The crossing, the transition, that most gives his work its power is that which cuts apart, yet links, the declared and the concealed, the public and the personal. The dark, mysterious bundle hanging from the center of "Avenida Juarez" (1989) may suggest a hobo's bundle, or the meager possessions of an immigrant stealing across the border, but what it contains is known only to the artist. Words like mumbled messages that one can't quite decipher occasionally appear behind Drake's tarry blacks.

Drake seldom speaks explicitly. His "Blue Loveseat" (1989), with its motorcycle engine and its expanse of blue hinting at the sky, is like a dream of freedom, of salvation and of speed. His objects may be massive, even confrontational, but Drake's messages are subtle. He constantly holds back. One feels that reticence most clearly in the triptych he calls "Stroll in Alameda Park" (1989).

"Alameda Park," he explains in the Corcoran's catalogue, "is in Mexico City where we lived for a while when I was young.

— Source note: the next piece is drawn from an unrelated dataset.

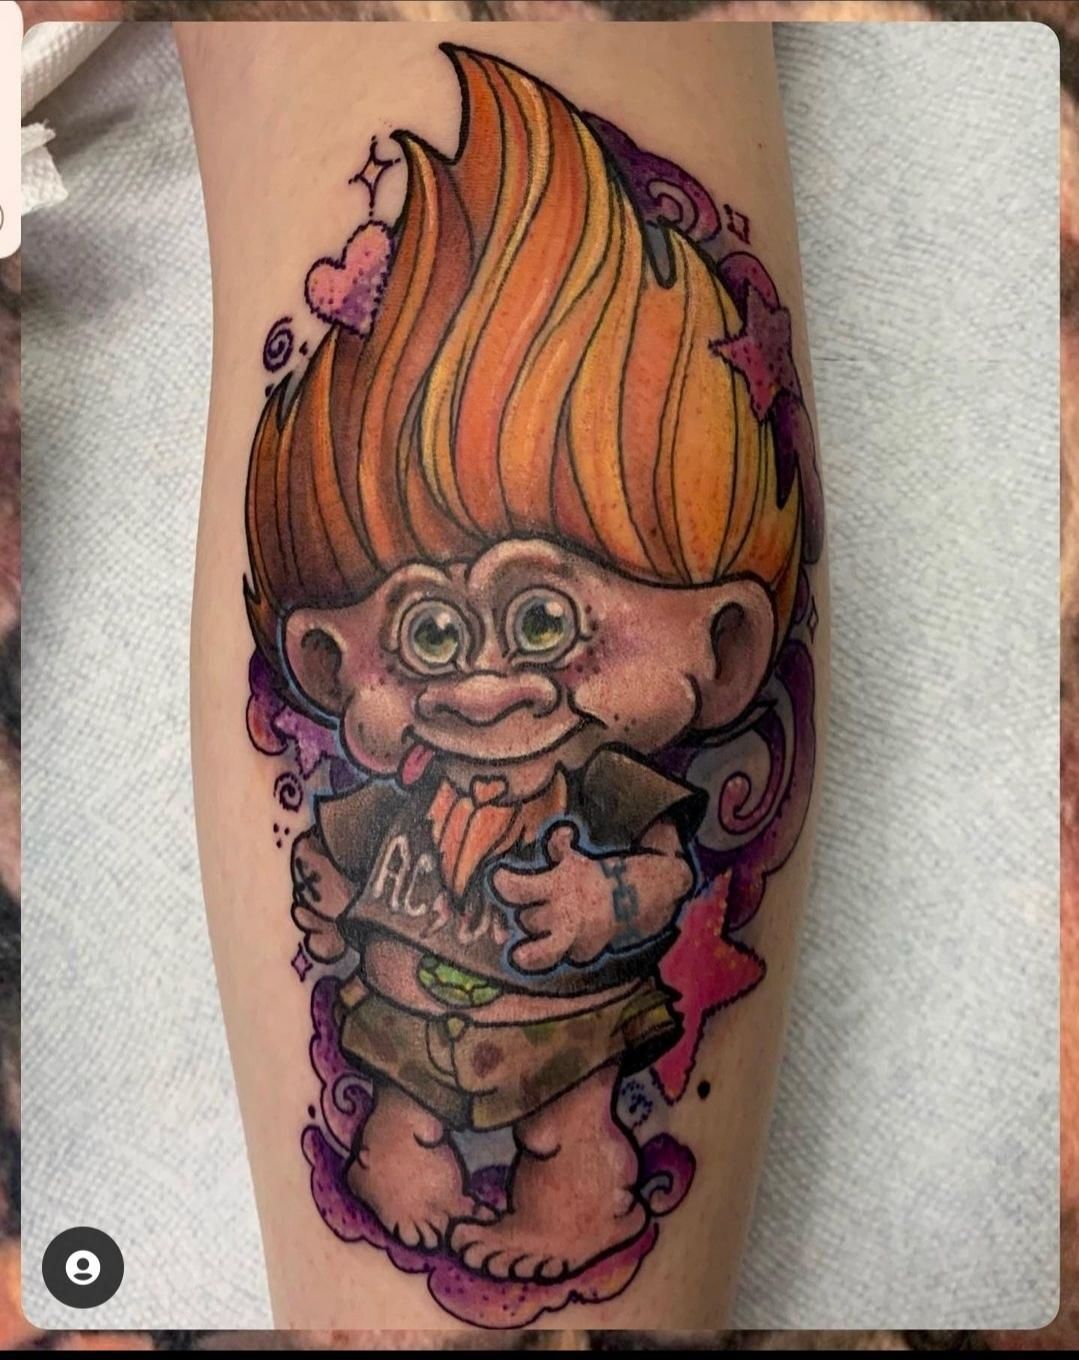 Troll tattoo by leahbtattoos at Waukesha Tattoo Company in Waukesha WI  leahbtattoos waukeshatattoocompany waukesha wisconsin troll   Instagram

When I was about fourteen, we stayed at the Hotel del Prado. In the Hotel del Prado is a monumental mural by Diego Rivera. Part of the mural shows Rivera dressed as a boy, holding hands with a cartoon skeleton and surrounded by his wives and family. ... I used to sit, literally for hours, and stare at that mural and think: someday I am going to be an artist. The name of that painting is 'Dream of a Sunday Afternoon in the Alameda.' Across the street from the del Prado is the actual Alameda Park. ... I suppose 'Stroll in Alameda Park' is a self-portrait, like Rivera's. ... But I am not looking for the viewer to form a gestalt about me. I am not looking for a narrative. This is obviously my stroll. Someone else can have another stroll in my park or in a different park."

Looking at that vast and steely picture -- with its rectangle of verdant green, its panel of singed wood, and its photographs of the artist -- you are thrust into Drake's private world, and yet you're on your own. That sense of drifting across borders is what's best about his art. His drawing isn't great, his squarish, massive forms are a bit too repetitious, his lithographs at times feel a little thin, but when looking at his massive works one never doubts his passion, or the weight of his conviction.

His exhibition at the Corcoran was arranged by Curator Terrie Sultan. Like the other artists she has chosen for the Gallery One series, Drake prefers to keep his secrets. He makes mysterious art.

James Drake: Place and Passage, at the Corcoran Gallery of Art, closes Nov. 11. His show at the Fendrick Gallery runs through Oct. 13.